A meu ver, a misericórdia [de Deus] consiste no amor que opera com a
doçura e a plenitude da graça, numa superabundante compaixão. Ela põe
mãos à obra para nos defender e para que todas as coisas resultem em
nosso bem. Desse modo, por amor, permite que em certa medida vacilemos; e
quanto mais vacilamos, mais caímos, e quanto mais caímos, mais
morremos. [...] Apesar disso, nunca se separa de nós o doce olhar da
piedade e do amor, não cessa nunca a obra da misericórdia.

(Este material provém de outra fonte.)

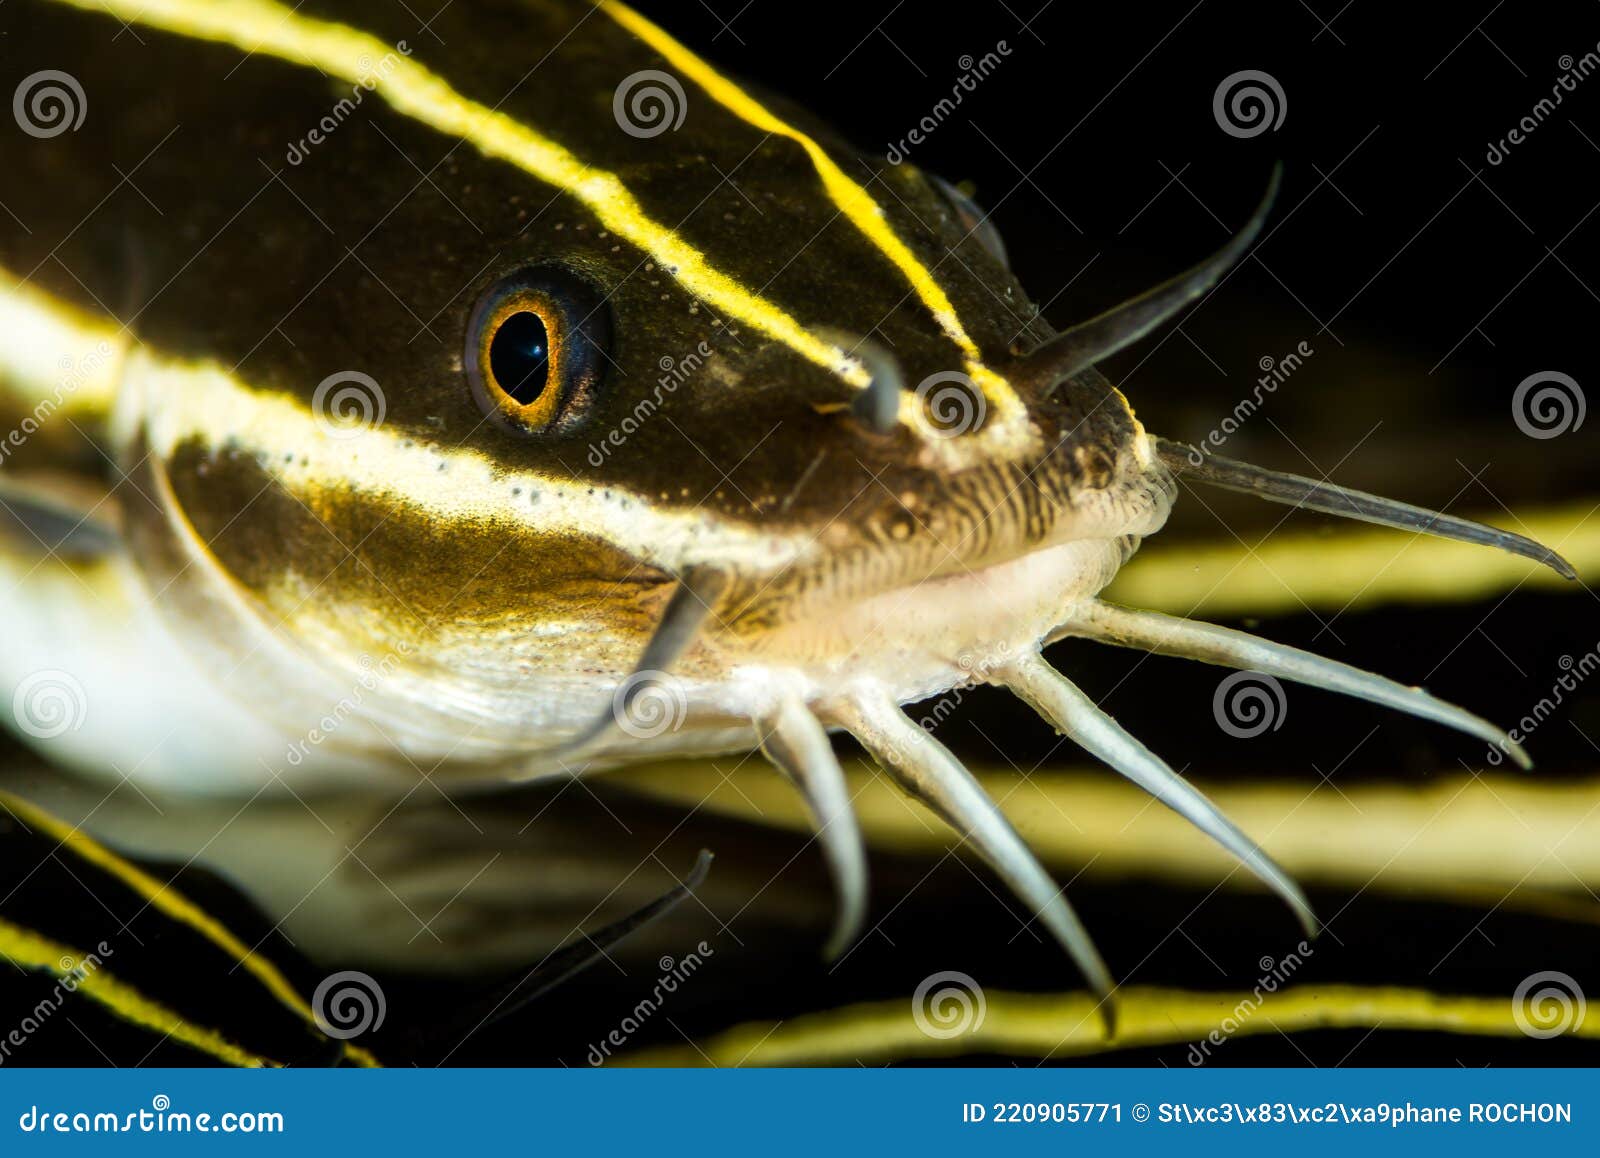 schooling of juvenile coral catfish or striped eel catfish or saltwater catfish
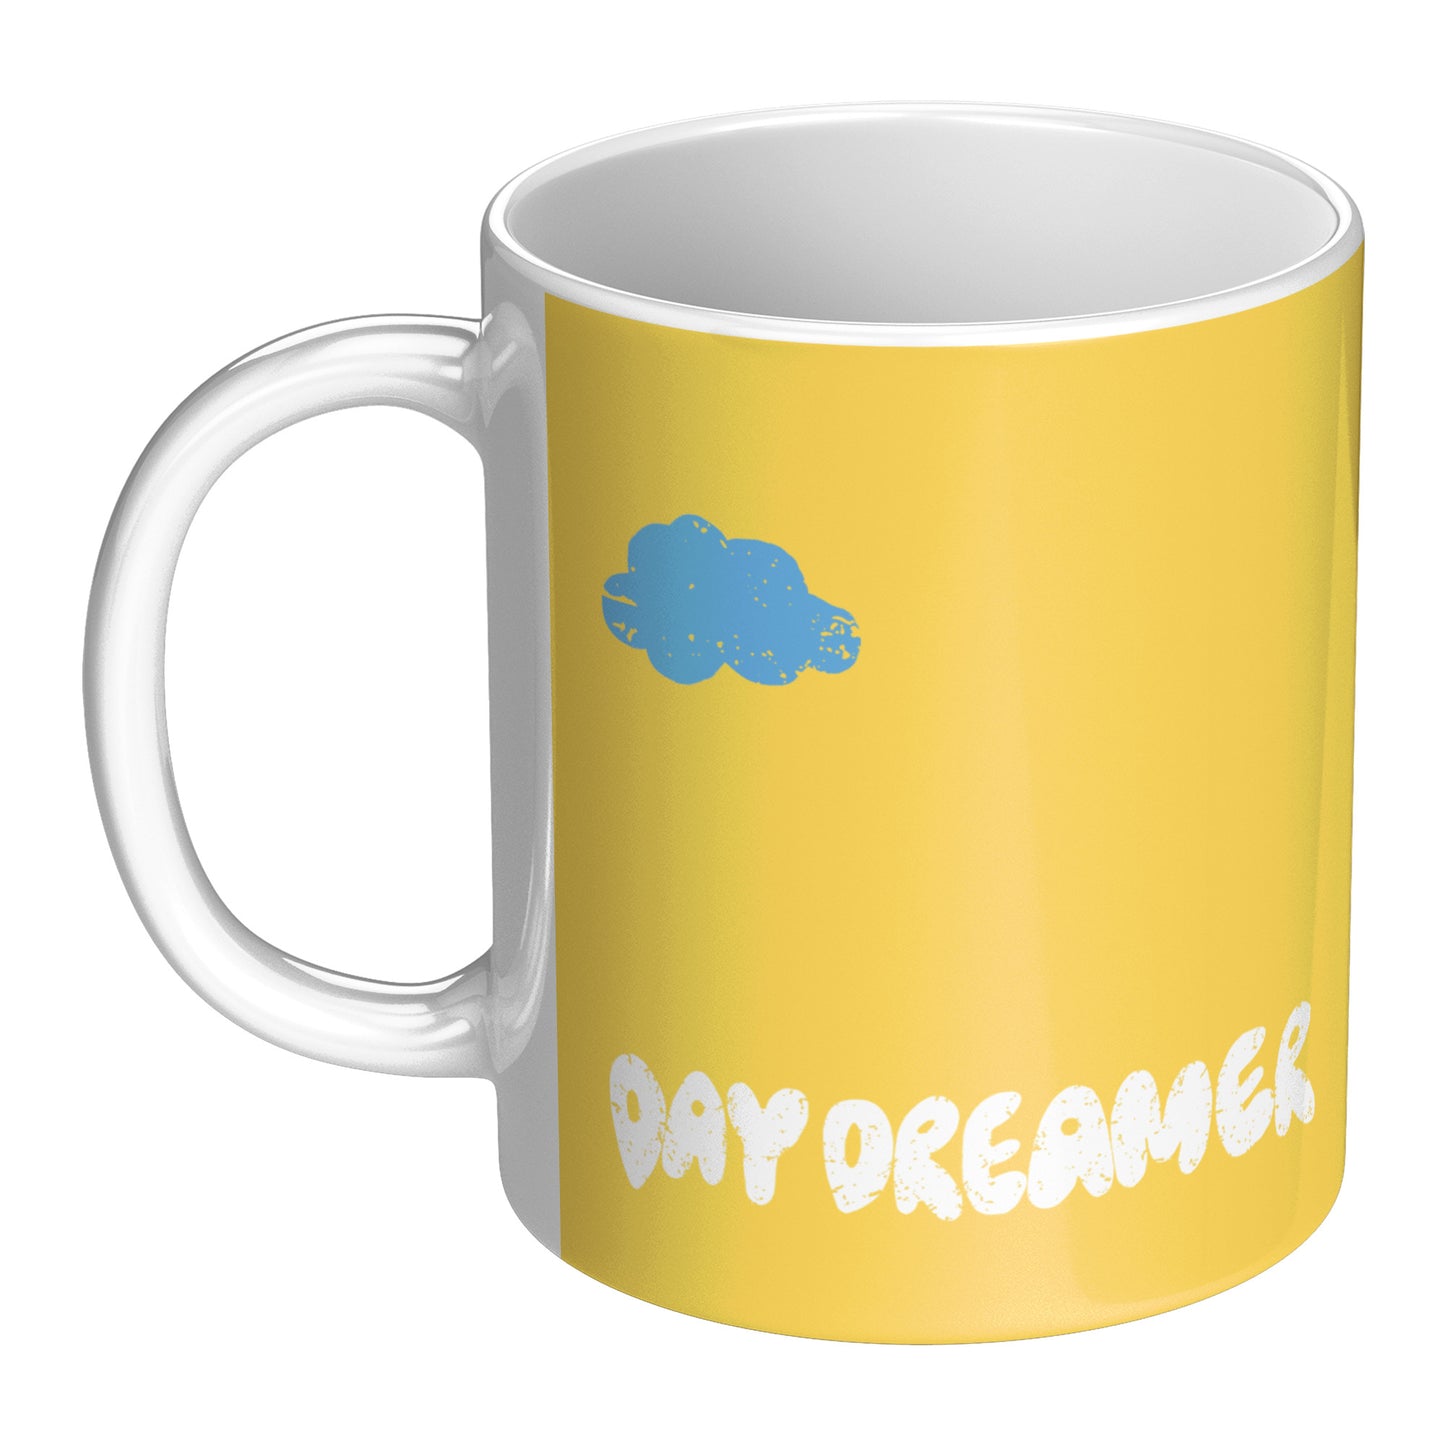 The Day Dreamer Mug in Yellow

Vi qual é o bem próprio da misericórdia e o da graça: são dois aspectos
de um único amor. A misericórdia é atributo da compaixão, proveniente
duma ternura materna; a graça é atributo da glória, proveniente do
majestoso poder do Senhor no mesmo amor. A misericórdia defende, ampara,
vivifica e cura, e em tudo isso é ternura amorosa; a graça edifica e
recompensa infinitamente mais do que o merece quer a nossa vontade, quer
o nosso trabalho, e assim propaga e manifesta a generosidade que Deus,
nosso Senhor soberano, nos prodigaliza na Sua maravilhosa afabilidade.
Tudo isso provém da abundância do Seu amor, já que a graça transforma a
nossa terrível fraqueza em abundante e infinita consolação, a nossa
vergonhosa queda em sublime e glorioso reerguer-se, a nossa triste morte
em santa e bem-aventurada vida.
Tudo isto vi, por certo: de cada vez que a nossa perversidade neste
mundo nos conduz ao sofrimento, à vergonha e à aflição, no céu, ao
contrário, a graça nos reconforta e nos conduz à glória e à felicidade; e
com tal superabundância que, ao chegarmos ao céu e recebermos a
recompensa que a graça aí preparou para nós, agradeceremos e bendiremos a
Nosso Senhor, ao mesmo tempo que nos alegraremos por termos sofrido
tais adversidades. E esse ditoso amor será de tal ordem, que
conheceremos em Deus certas coisas que nunca teríamos conhecido se não
tivéssemos passado por tais provações.